Wednesday, December 19, 2007

I don't want to kiss you, I don't want to touch.

So....I was feeling shitty this morning. Then, all of a sudden, I felt a lot, lot better. I talked about my shitty night to Ava and Katy and Emily and Erin and Nitz and they all really made me feel a lot, lot better. I got really jazzed up about feeling better, and I even made plans to CLEAN MY FRIDGE. Wow.


But now, all of a sudden, I think I feel worse than I have yet. A whole NEW crop of fears has surfaced-- basically, I remembered that I spent a significant part of my night in the bar talking to this Indian man in a bad Scottish dialect. Why? I'm a fucking moron, that's why.

What the hell else did I do? Katie very unhelpfully added "and he was getting touchy" about this guy. Thanks, thanks alot. Thanks for letting me stay in that situation, Katie. Thanks, Anna, for being such an idiot.

I have never hated myself so much. I'm going back to bed.
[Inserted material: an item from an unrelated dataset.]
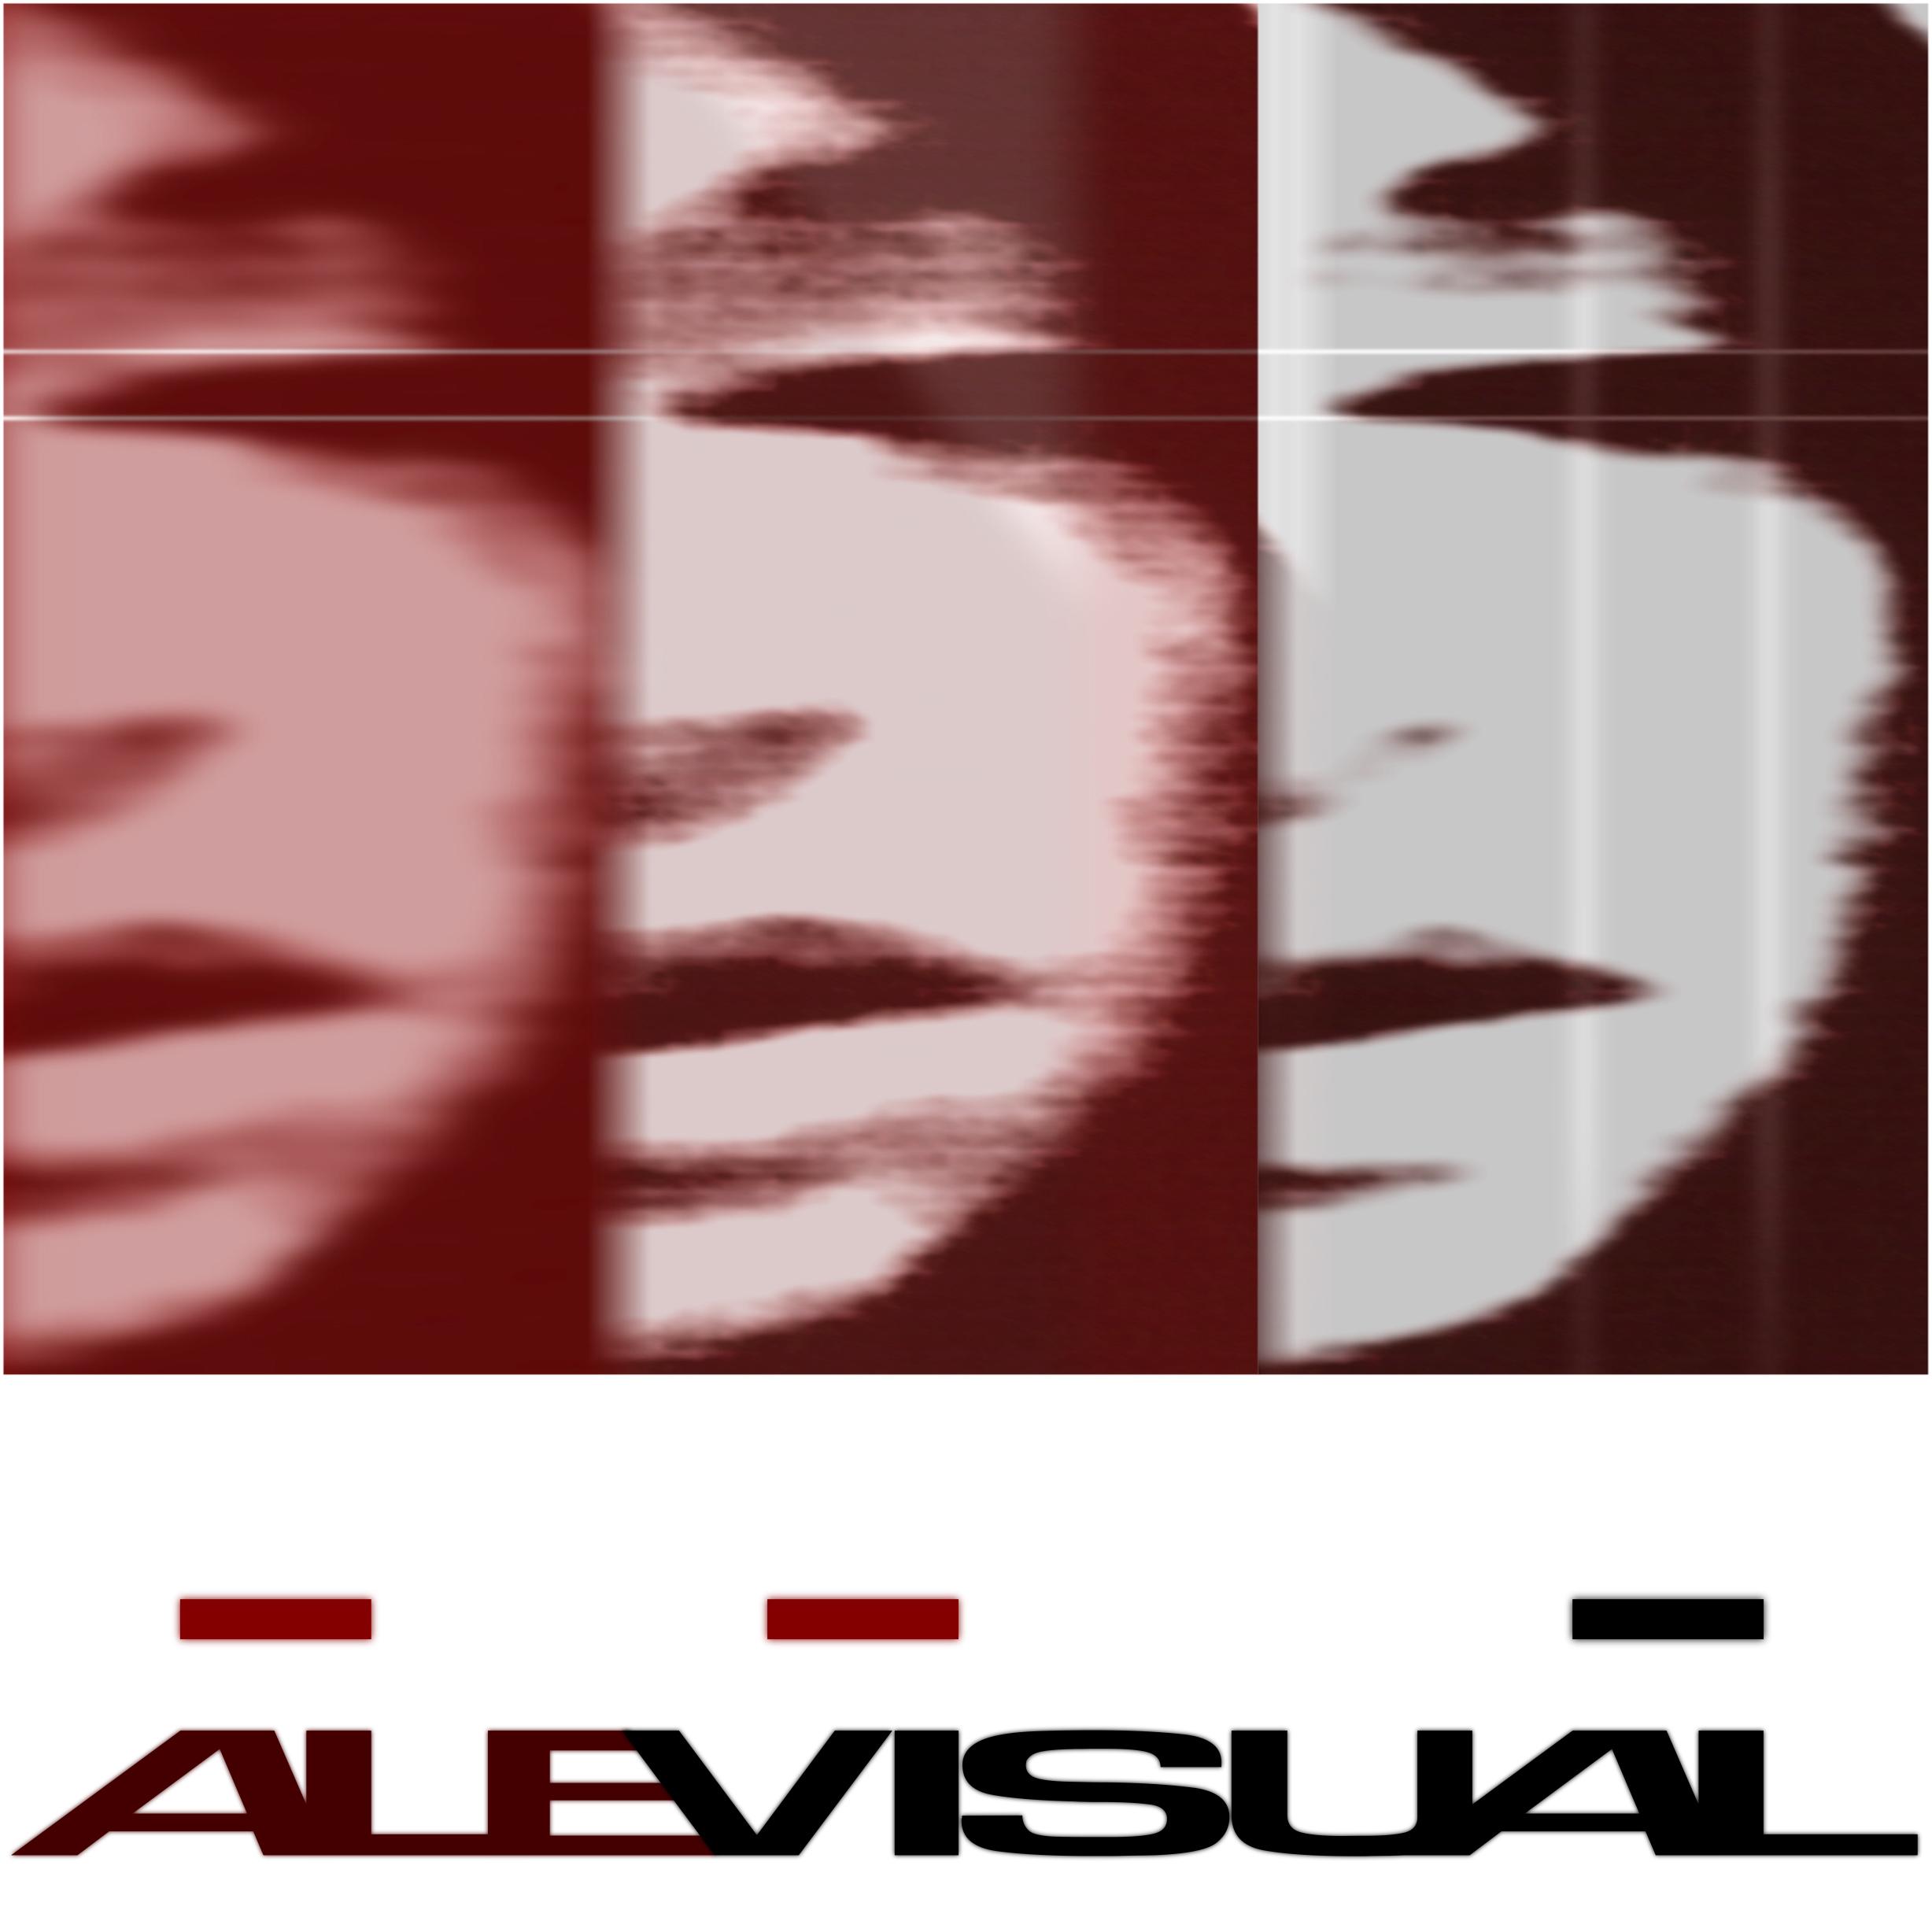 AleVisual

I know these posts are already old and boring. I know. But I just keep thinking that if I keep talking about this, I'll feel better and get it out of my system. Bad choices, bad choices, bad choices. Why do I make them? God. This kind of shit will NEVER happen to me again, EVER.

I'm trying to let Elvis soothe my worries. He's sort of helping.

Tuesday, December 18, 2007

great

Well, I've really outdone myself this time.

Last night, I got so completely drunk that I don't remember large chunks of time....ripped my jeans...ruined my coat....and left my purse (wallet, keys, cell phone, purse that I LOVE) in a cab.

Yup.


Now, all I can do is feel bad for myself, cry, feel sick, and not know how to live my life without those few, tiny, relatively insignificant things.

My mom is like "Honey, stop beating yourself up. It could happen to anyone." And I know she's right-- I'm just so upset with myself for drinking so much, and I feel so fucking stupid to have let this happen.


Ugh. This really blows.

The cabbie found my purse and called Katie and told her he had it. Unfortunately, that is all that seems to have happened. I am hoping and wishing that he'll call again.

Sometimes I just don't understand the way I behave.

Monday, December 17, 2007

...when both the talk and people are so nice.

Two links that make me smile today:

#1

and

#2 .

Enjoy them.

also: the best email i've gotten in a long time---

from: justin k. rivers
to: me
subject: silent movie


"anna, if i do a silent movie film noir someday, will you be my heroine sidekick?"

ISADORA DUNCAN!

Maybe I'm losing my mind, but I've heard wind chimes at least four times tonight. I know it's really windy outside, but...it just seemed so strange. When's the last time I can remember hearing them? I don't know.

Nitz, Marie, Michael and I saw Katy in Bread & Puppet's Divine Reality Comedy (Divine Comedy Reality? I don't goddamn know) tonight at Theatre for a New City. The space is an amazing cavern with charmingly ramshackle things everywhere. The show was absolutely insane but we had a good time. Then I went home with them and we ate ice cream and watched "Boggled," one of my all-time favorite eps of Felicity. God, what a girly girly girly combo of things to do. I will always love Noel Crane. And I will always hate Ben Covington.

I had a late lunch in Williamsburg with friend Thom. He thinks I talk a lot. It's nice to know people that live above the poverty line-- if it was up to me, I'd be eating egg salad and falafel for the rest of my life.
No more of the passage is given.